▸ **The task**: Quote the whole listing exactly. Leave the pictures out of your copy.

▸ **Dataset content**:
---

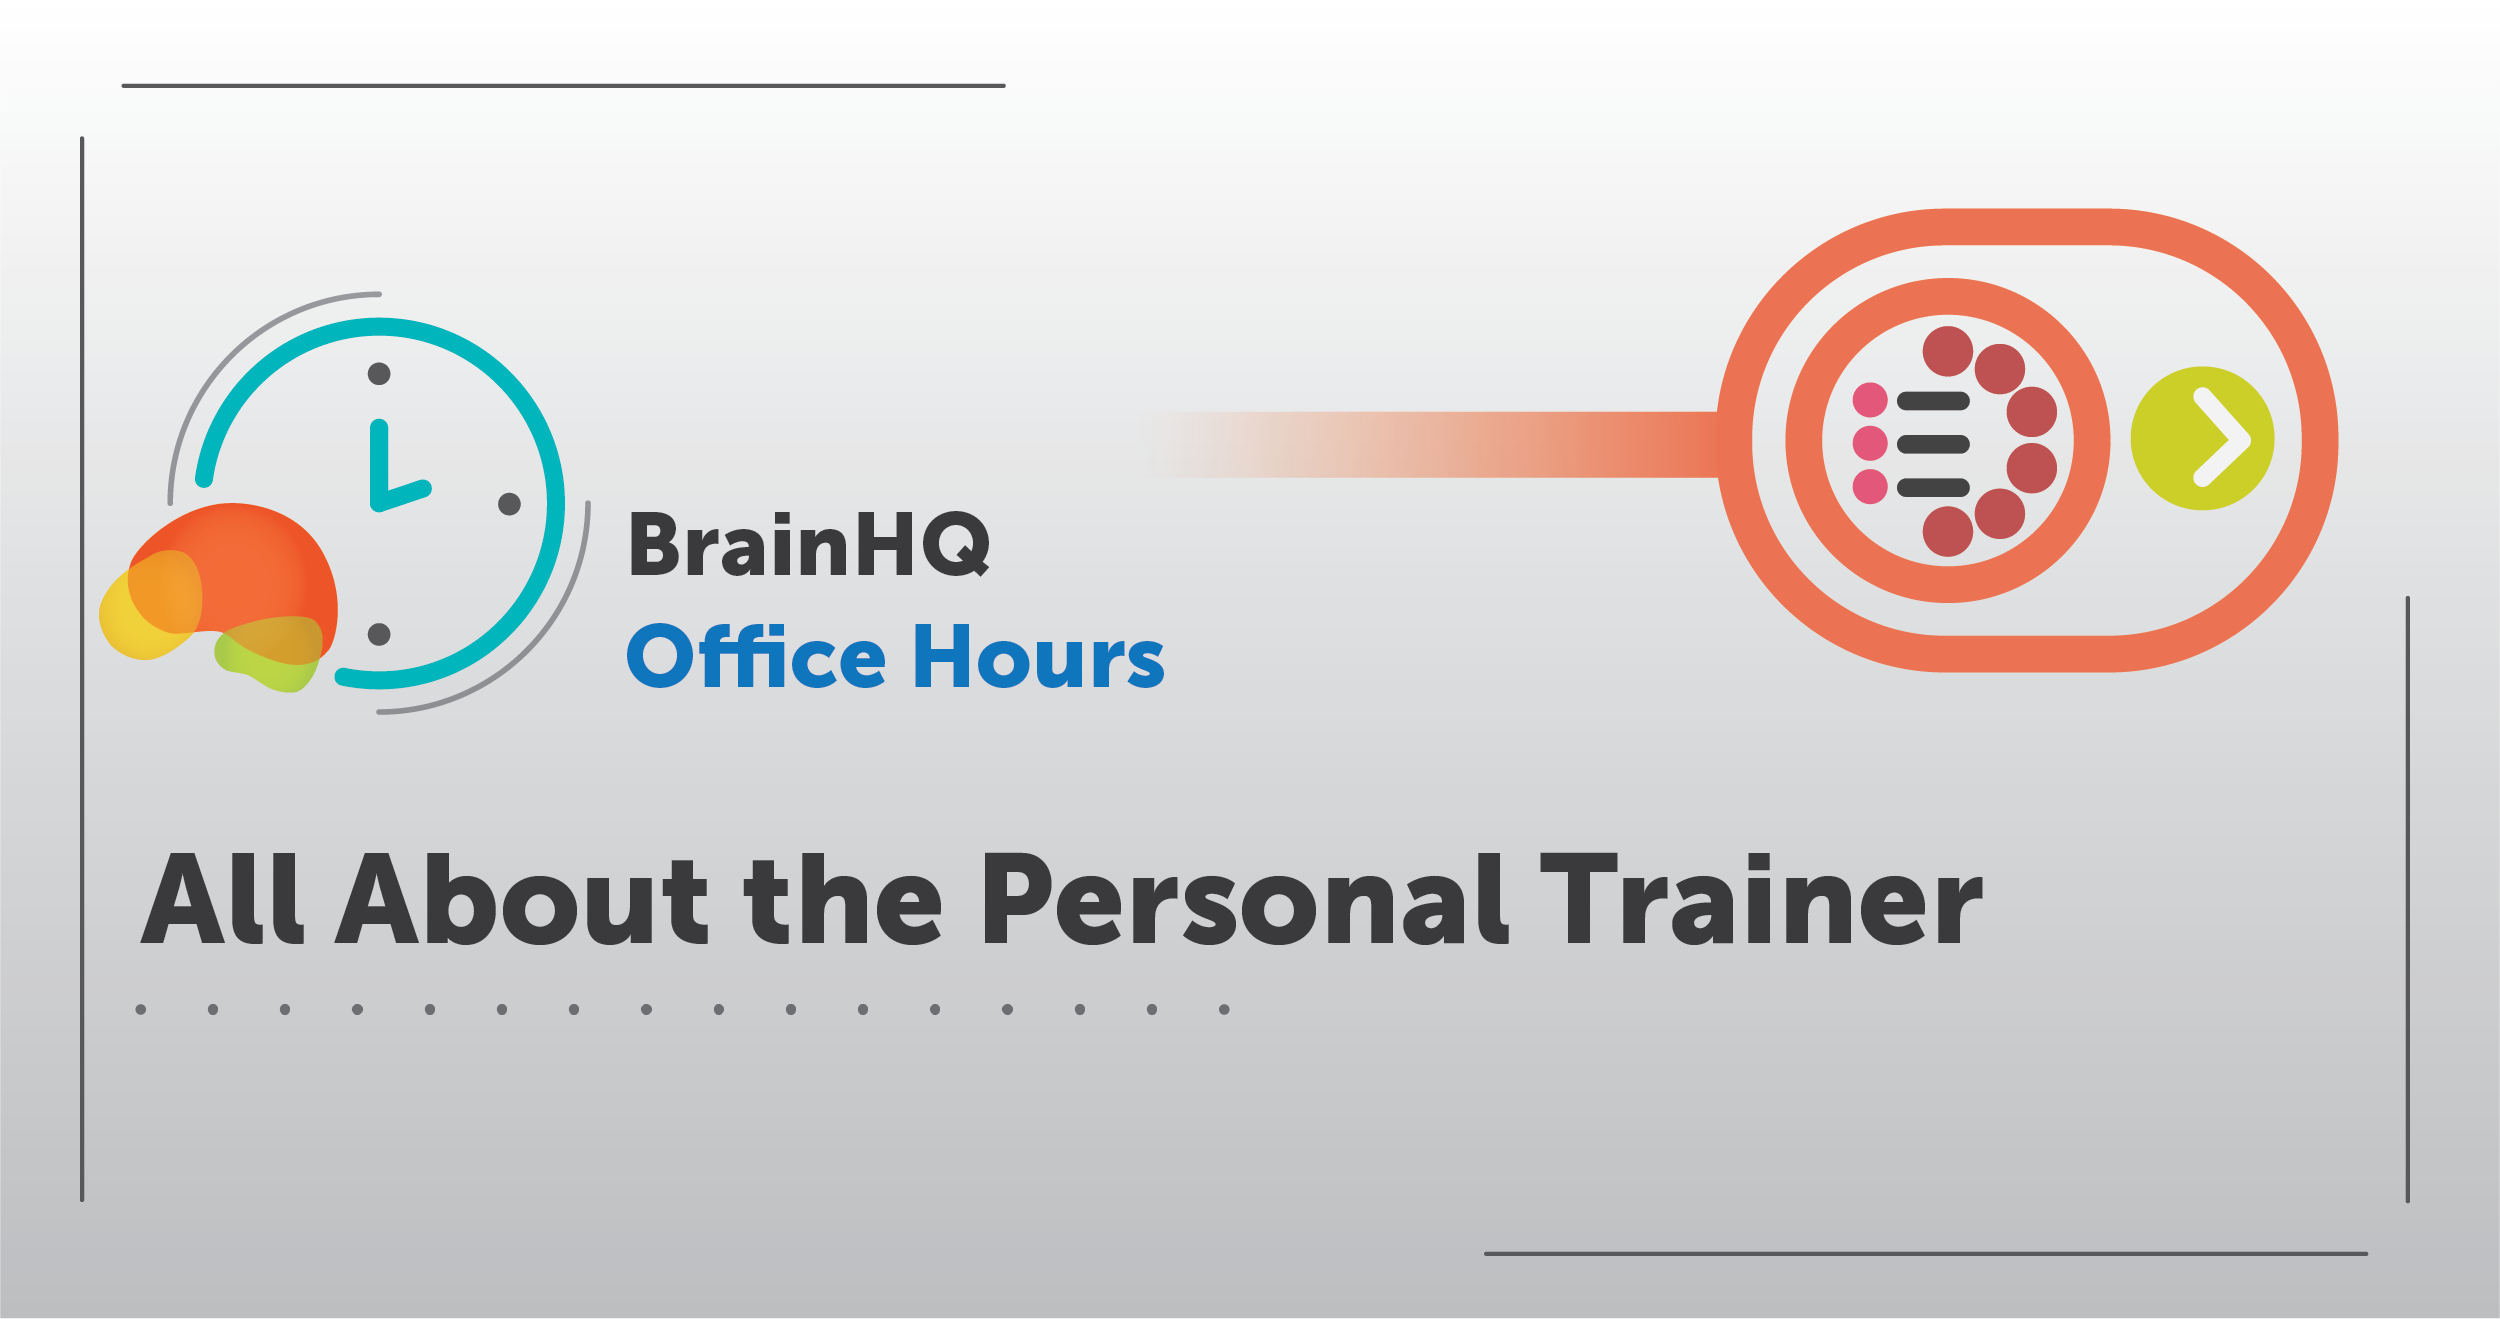 How to Use the BrainHQ Personal Trainer
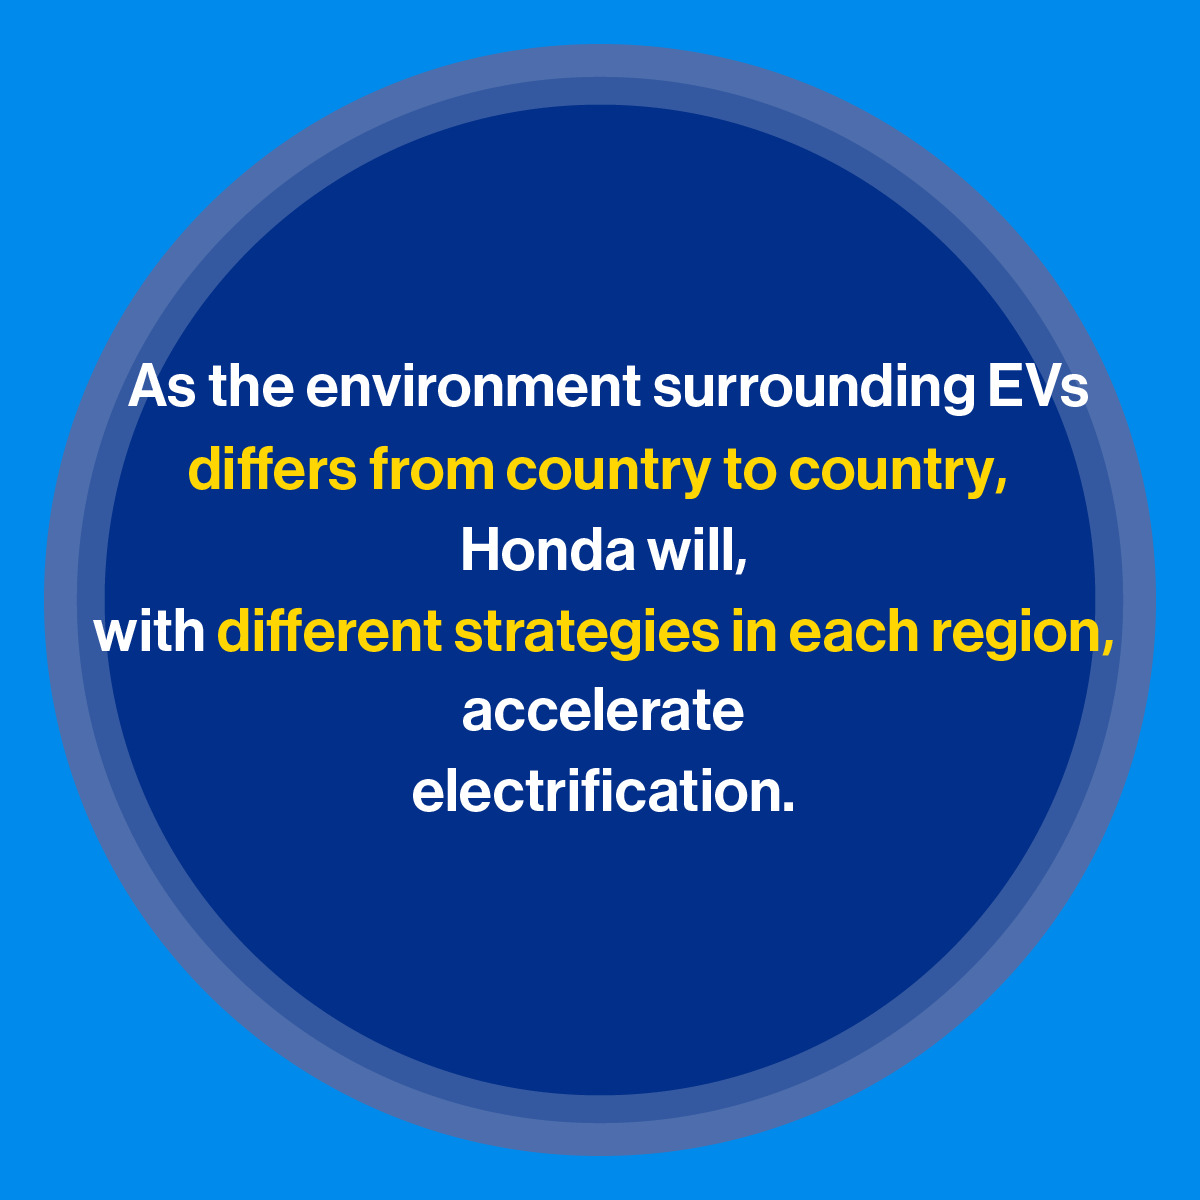 Honda will, with different strategies in each region, accelerate electrification
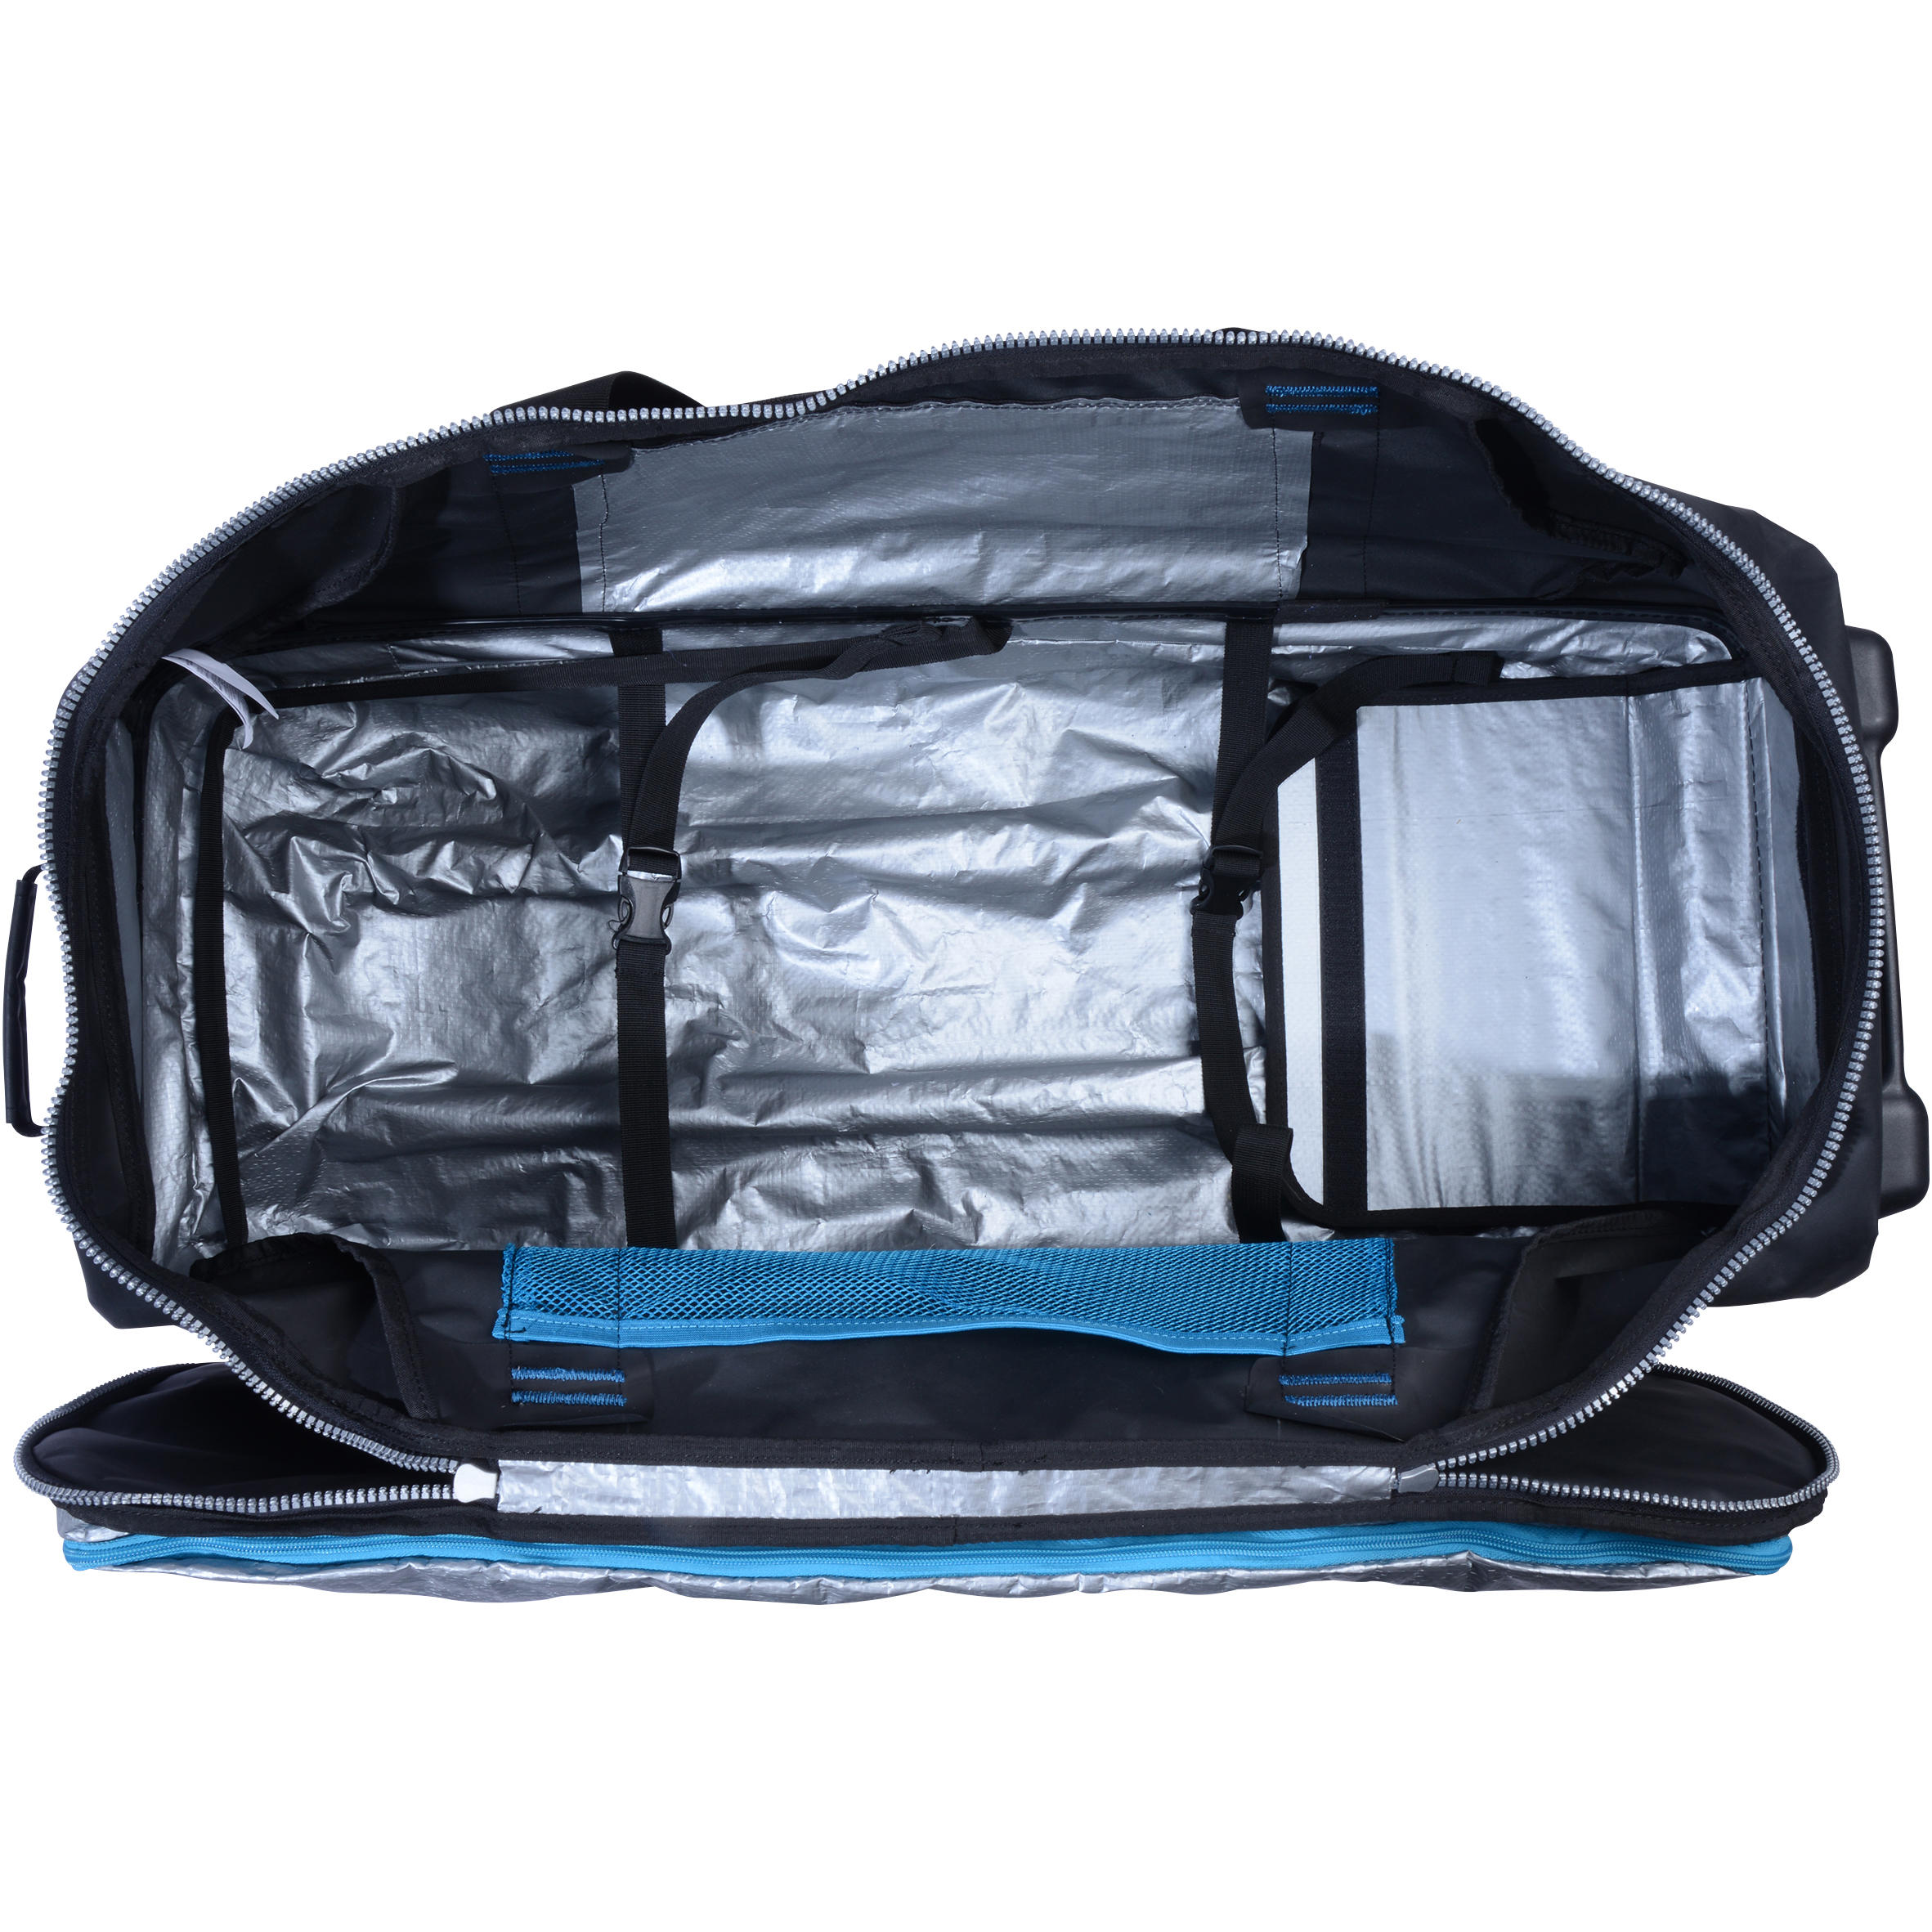 Scuba-diving travel bag 90 L with rigid shell and wheels - black/blue 18/21

---

▸ **Your response**:
 How to Use the BrainHQ Personal Trainer
 Honda will, with different strategies in each region, accelerate electrification
 Scuba-diving travel bag 90 L with rigid shell and wheels - black/blue 18/21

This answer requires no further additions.